|Boehmer, Jamie - US FOOD & DRUG ADMIN|
|Shefcheck, Kevin - US FOOD & DRUG ADMIN|
|Ward, Jeffrey - US FOOD & DRUG ADMIN|
Submitted to: Journal of Dairy Science
Publication Type: Peer Reviewed Journal
Publication Acceptance Date: June 25, 2008
Publication Date: November 20, 2008
Citation: Boehmer, J.L., Bannerman, D.D., Shefcheck, K.J., Ward, J.L. 2008. Proteomic analysis of differentially expressed proteins in bovine milk during experimentally induced Escherichia coli mastitis. Journal of Dairy Science. 91(11):4206-4218. Interpretive Summary: Mastitis remains a prevalent disease in dairy cows and is one of the most costly diseases to the animal agricultural industry. Escherichia coli are among the most prevalent bacteria to induce clinical mastitis. The objective of the current study was to evaluate a method requiring minimal sample preparation so as to enable rapid and cost effective identification of potential biomarkers of mastitis. The major finding of this study was that the use of 2-dimensional gel electrophoresis (2D-GE) coupled with peptide sequencing using matrix-assisted laser desorption/ ionization-time of flight (MALDI-TOF) mass spectrometry post source decay (PSD) is an effective method for identifying changes in milk protein expression during mastitis. The results of this study are important to scientists, the dairy industry, and veterinarians because they establish a method for identifying milk biomarkers of mastitis that may be used to evaluate the efficacy of drugs developed to treat this disease. Further, this method has the potential to identify differentially expressed proteins that may confer susceptibility and/or resistance to mastitis.

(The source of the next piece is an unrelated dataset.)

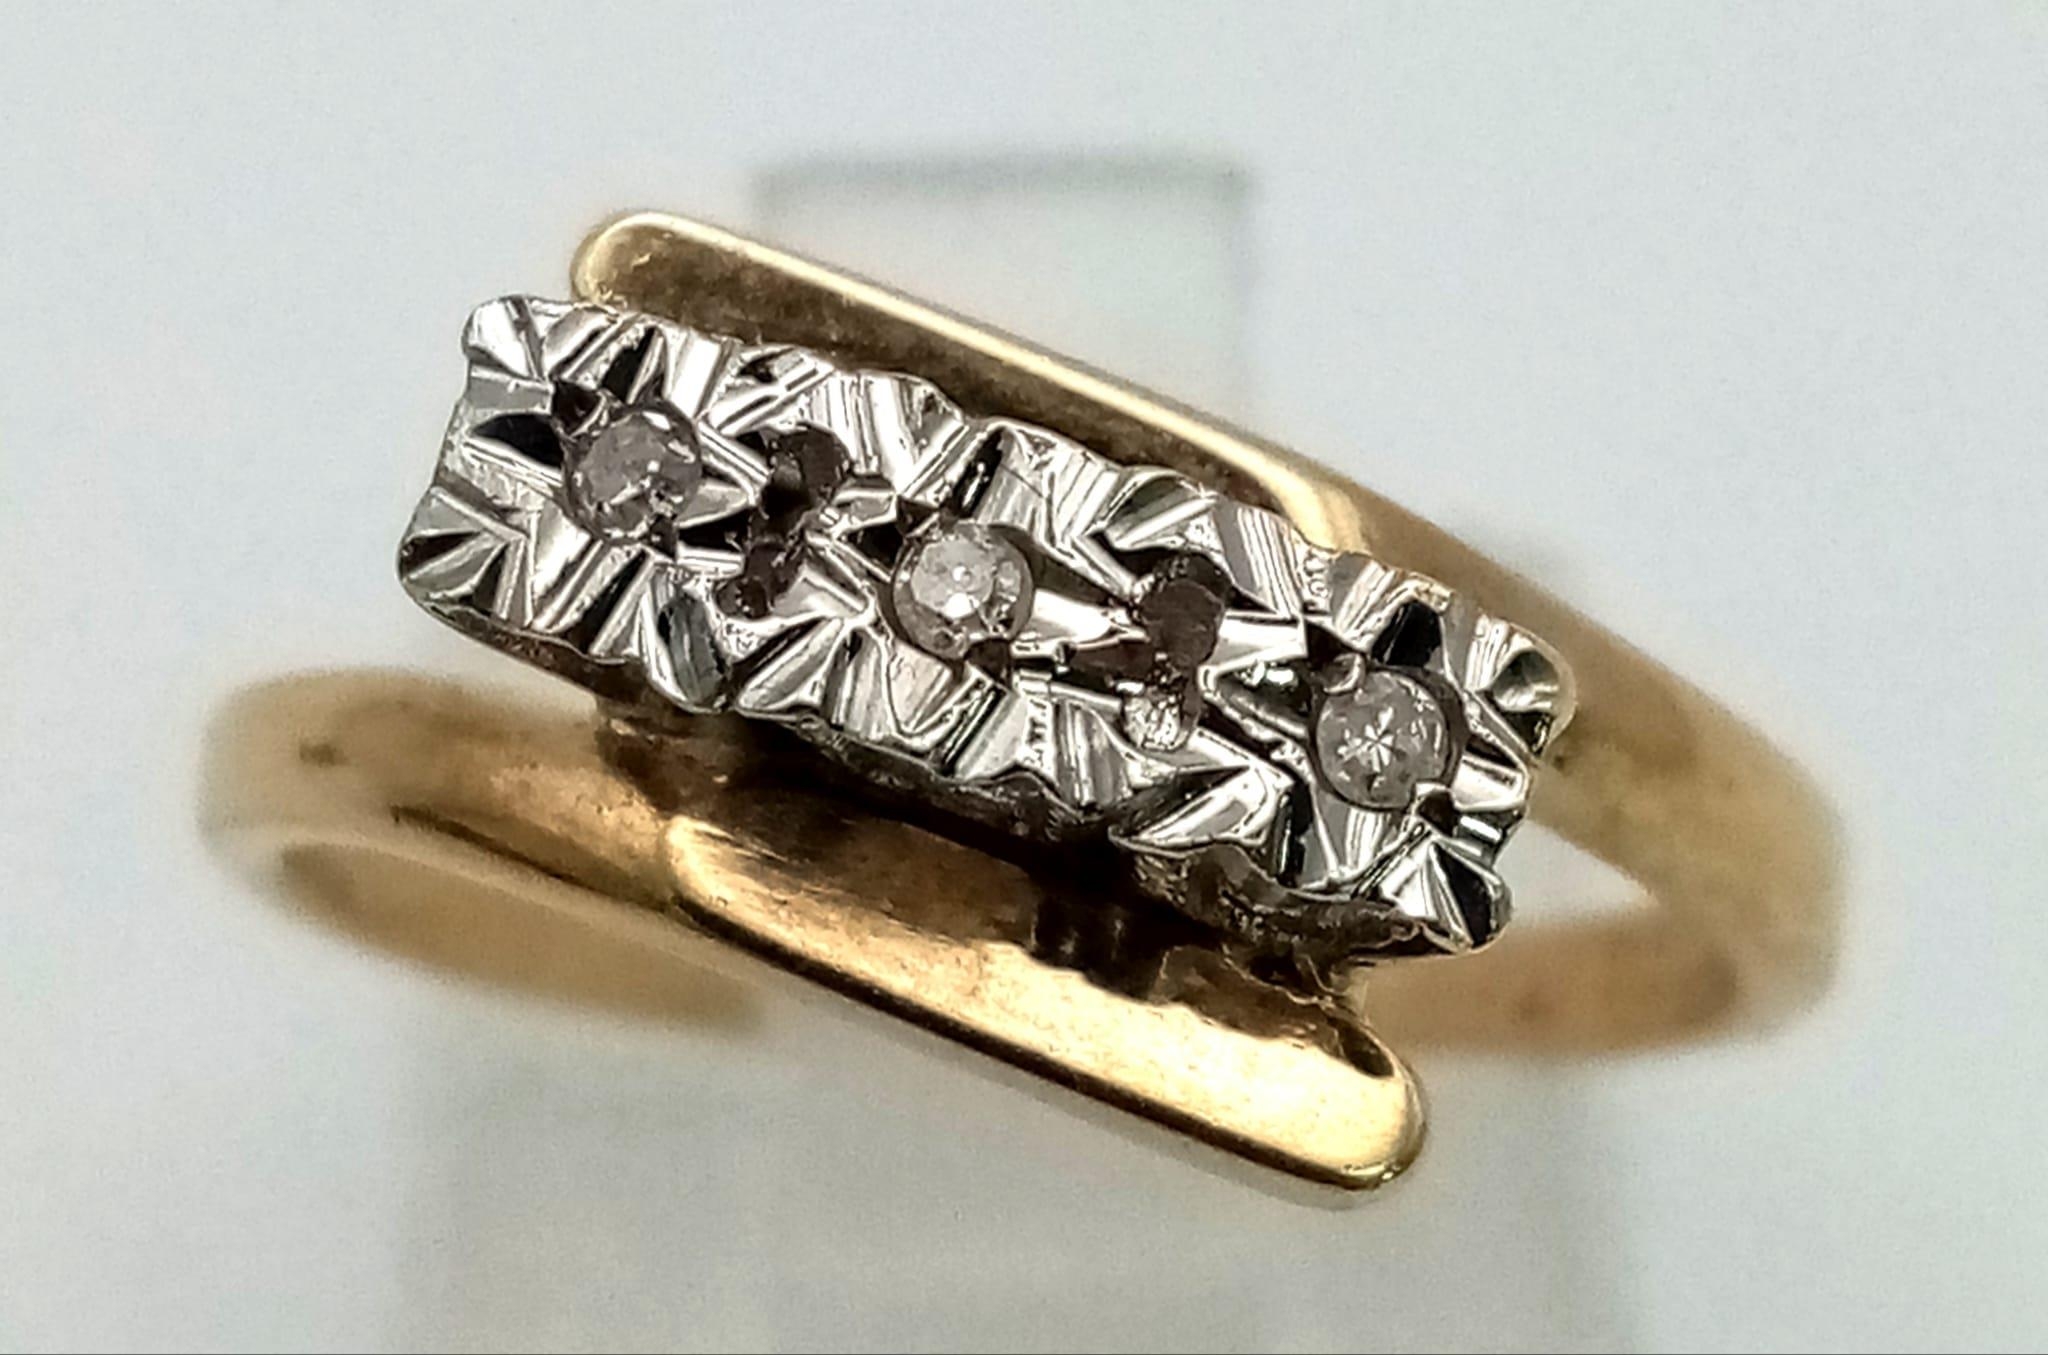 A mid century star set diamond ring set in 9k yellow gold, Ring Size N, Total Weight 2.8 grams.
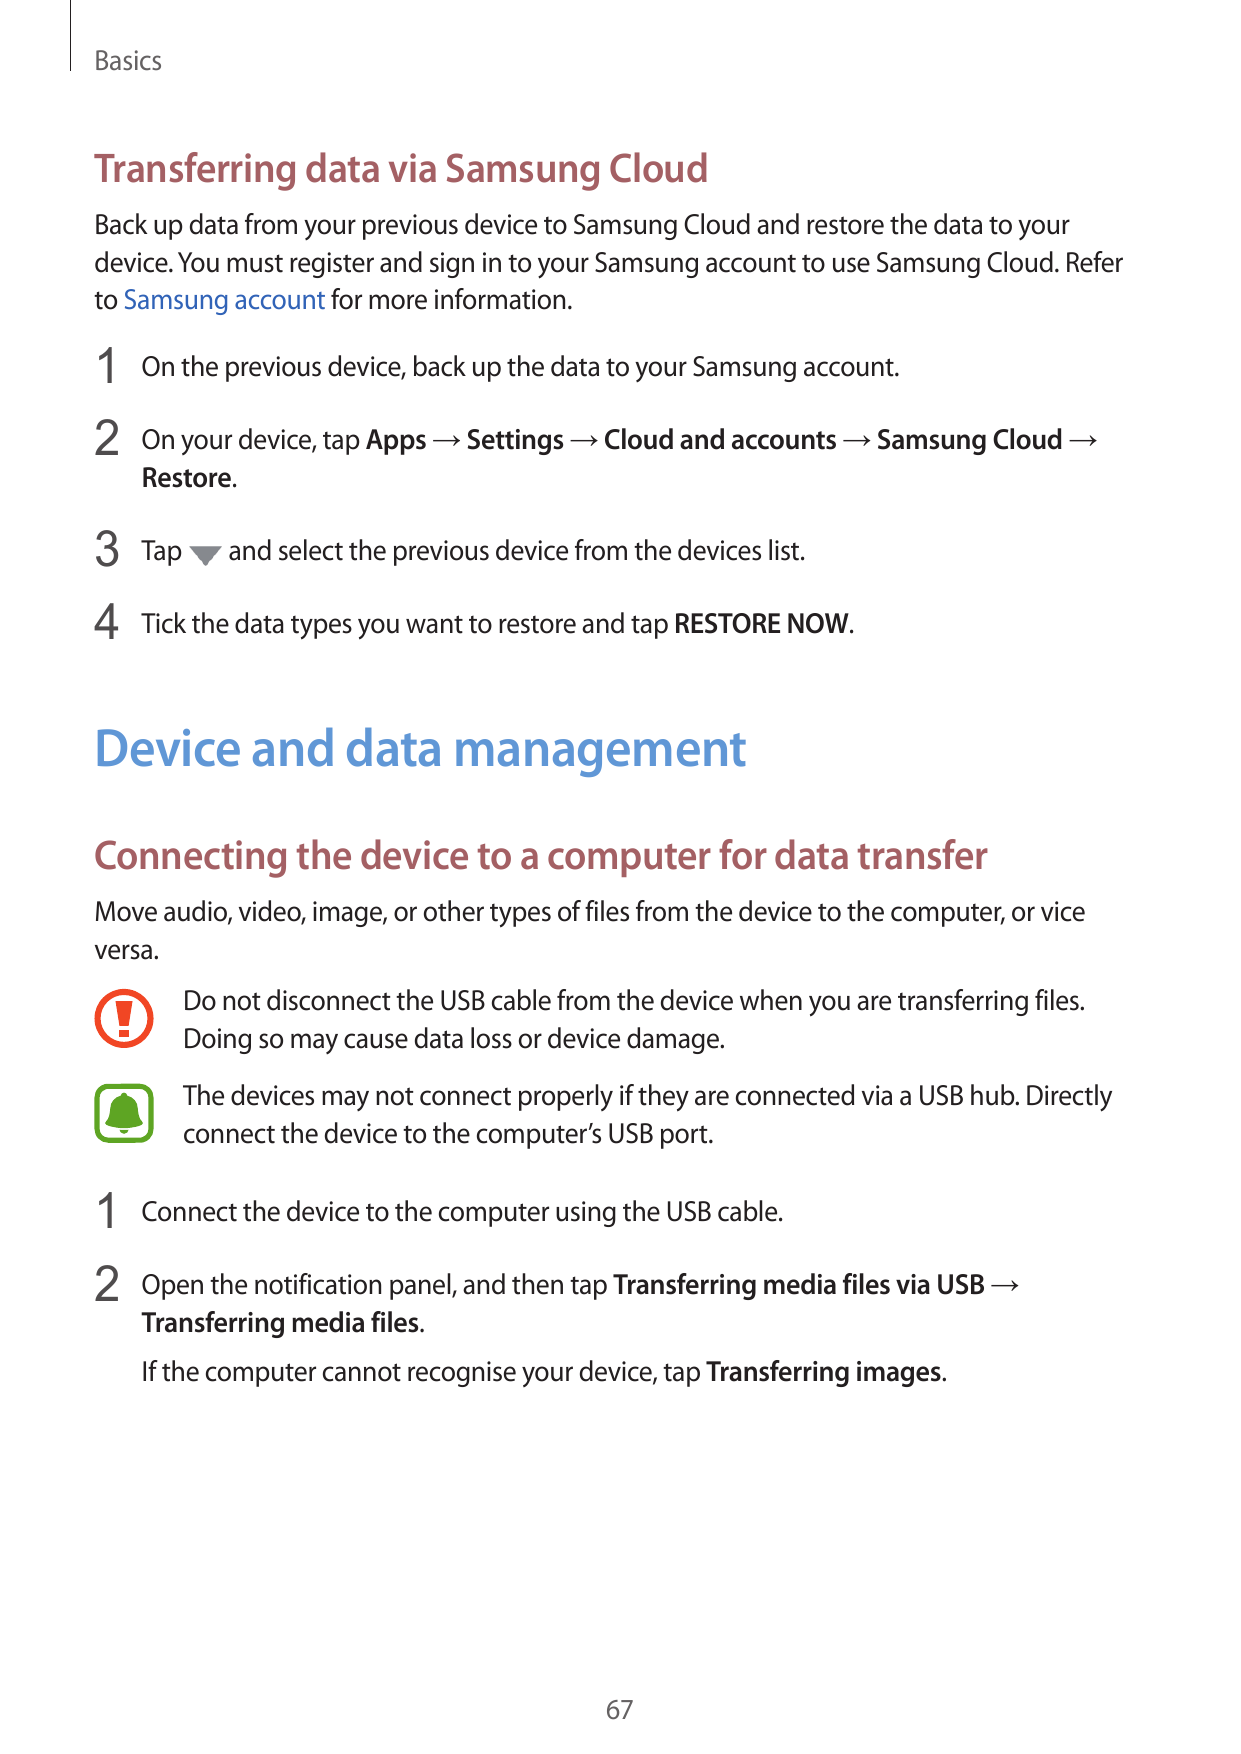 BasicsTransferring data via Samsung CloudBack up data from your previous device to Samsung Cloud and restore the data to yourdev

Technical Abstract: The objectives of the current study were to profile changes in protein composition using 2-dimensional gel electrophoresis (2D-GE) on whey samples from a group of 8 cows prior to and 18 hours after infection with Escherichia coli, and to identify differentially expressed milk proteins by peptide sequencing using matrix-assisted laser desorption/ ionization-time of flight (MALDI-TOF) mass spectrometry post source decay (PSD). Only proteins present in whey fractions of all 8 cows were sequenced to avoid reporting a protein response unique to only a subset of infected cows. Despite the overwhelming presence of casein and beta-lactoglobulin, the low abundance proteins transthyretin, lactadherin, beta-2-microglobulin precursor, and complement C3 precursor could be identified in whey samples from healthy cows. Whey samples at 18 hours post infection were characterized by an abundance of serum albumin, in spots of varying mass and isoelectric point, as well as increased transthyretin and complement C3 precursor levels. Also detected at 18 hours post inoculation were the antimicrobial peptides cathelicidin, indolicidin, and bactenicin 5 and 7, and the proteins ß-fibrinogen, a-2-HS-glycoprotein, S100-A12, and a-1-antiproteinase. Most notable was the detection of the acute phase protein a-1 acid glycoprotein in both healthy and mastitic milk samples. In contrast to methods used in previous proteomic analyses of bovine milk, the methods used in the current study enabled the rapid identification of milk proteins with minimal sample preparation. Use of a larger sample size than previous analyses also allowed for more robust protein identification. Results indicate that examination of the protein profile of whey samples from cows following inoculation with E. coli could provide a rapid and comprehensive survey of milk protein modulation during coliform mastitis and aid in the identification of biomarkers of this disease.